To the moon and back: China sets new targets in race to be No 1 space power
- Fifth white paper on China’s space programme focuses on both technological and business aspects of space exploration
- National Space Administration will transfer more technologies to develop ‘new forms of space economy’, says official
More lunar landings, an asteroid defence system and space debris cleanups are among major aims for China as the country steps up its ambitions to become a leading space power.
Many of these capabilities are also now pursued by the US and Europe.
The paper lists space debris cleaning as a business focus, a category that also includes space tourism, test services, and space biopharmaceuticals, underscoring China’s plans to speed up the participation of the private sector in outer space.
The China National Space Administration will transfer more aerospace technologies to companies engaged in communication, navigation, and remote sensing businesses, in order to develop “new forms of space economy”, deputy director Wu Yanhua said.
He also pledged that China would be more open on working with international partners “on higher levels and larger projects”.
“For example, China and Russia will jointly launch the international lunar scientific research station plan – which is a major long-term international scientific cooperation project.
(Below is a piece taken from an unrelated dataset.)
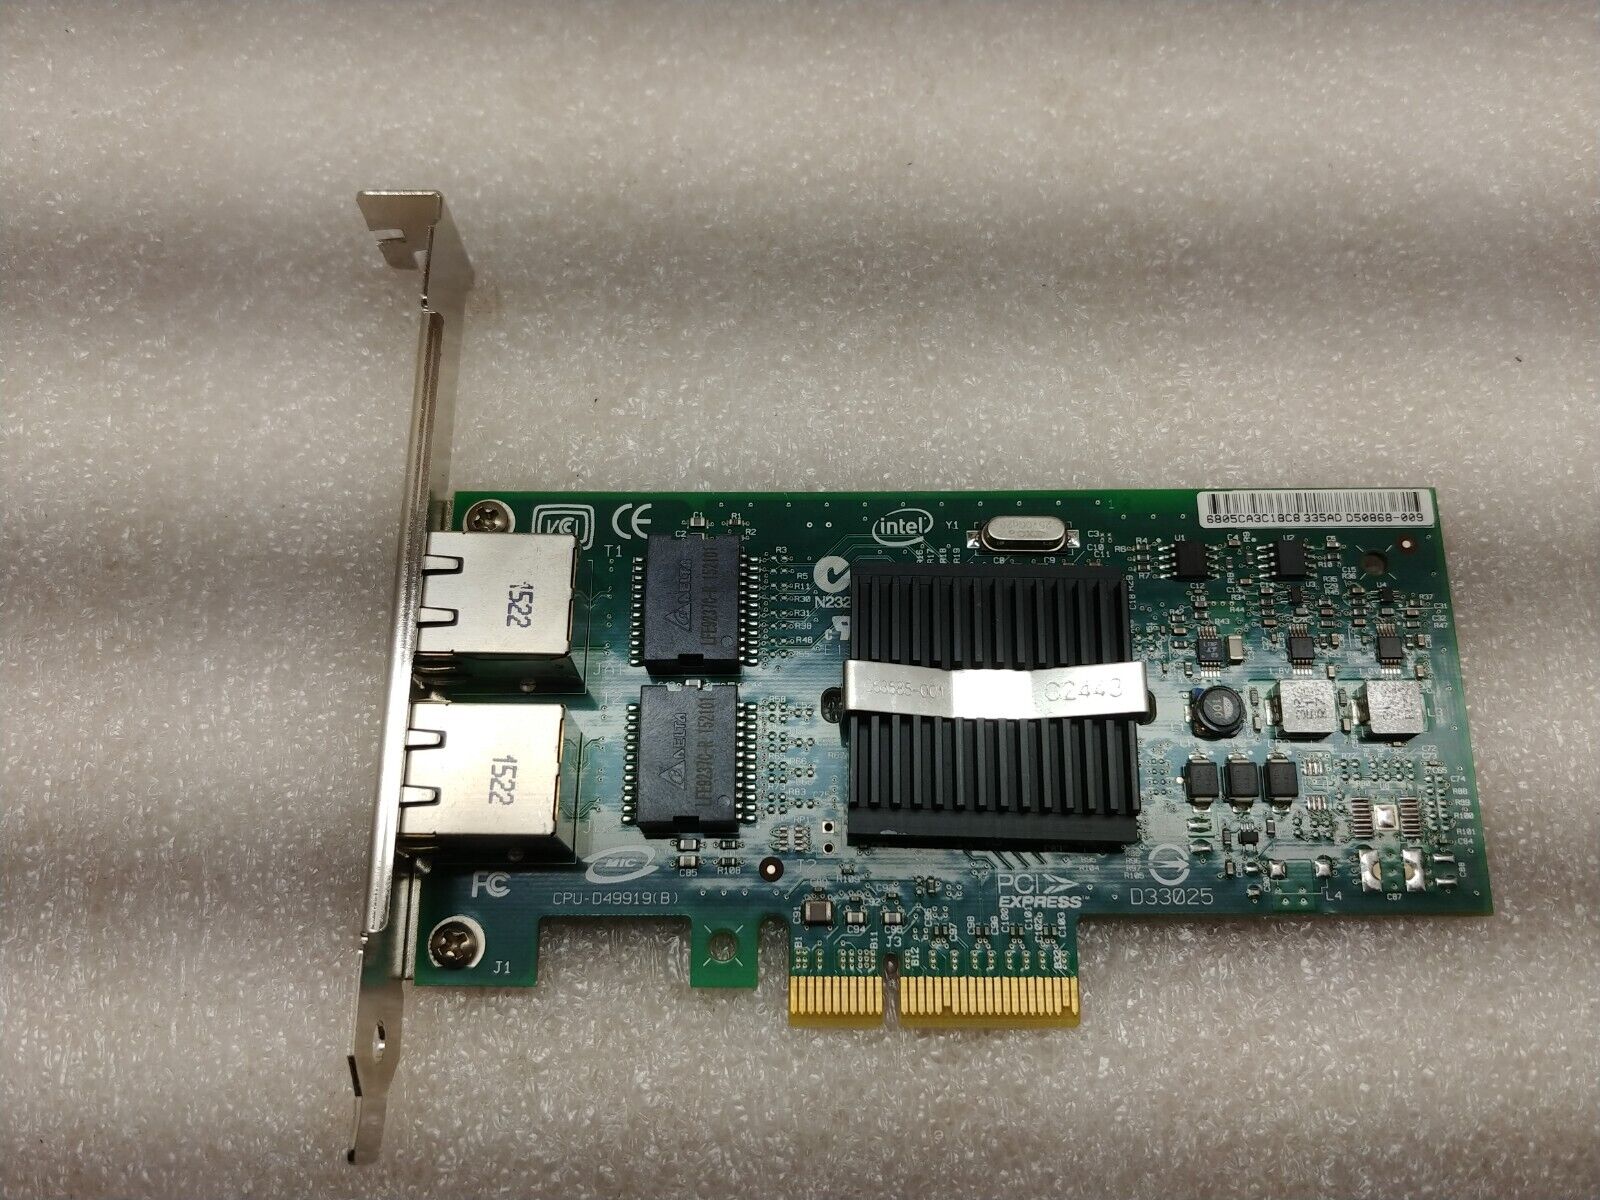 Intel CPU-D49919 (b) Intel PRO/1000 Pt Dual Port Server Adapter Card

We welcome the participation of all interested countries, international organisations, and scientists and engineers,” Wu said.
Amid international finger-pointing over space debris, targeting also Russia and the US, China has launched a number of “scavenger” satellites fitted with robotic arms capable of capturing and removing space debris so that they would burn up upon entering the Earth’s atmosphere.
But the US said the technology “could be used in a future system for grappling other satellites” and was therefore of concern to its military.
China’s space debris removal capability recently caught the attention of US observers again, after commercial space monitoring firm ExoAnalytic Solutions said the Shijian-21 satellite – China’s latest model for the “experimental validation of space debris mitigation technology” – appeared to be functioning as a space tug.
The report said Shijian-21 appeared to have pulled a malfunctioning Beidou navigation satellite out of the heavily populated geosynchronous orbit.
The Chinese space authorities did not respond to the report.
Expected launches for China next year include the Wentian and Mengtian space lab modules, the Xuntian space station telescope, a manned Shenzhou spacecraft and a Tianzhou cargo spacecraft.
The Tiangong space station is also set to finish construction and become fully operational.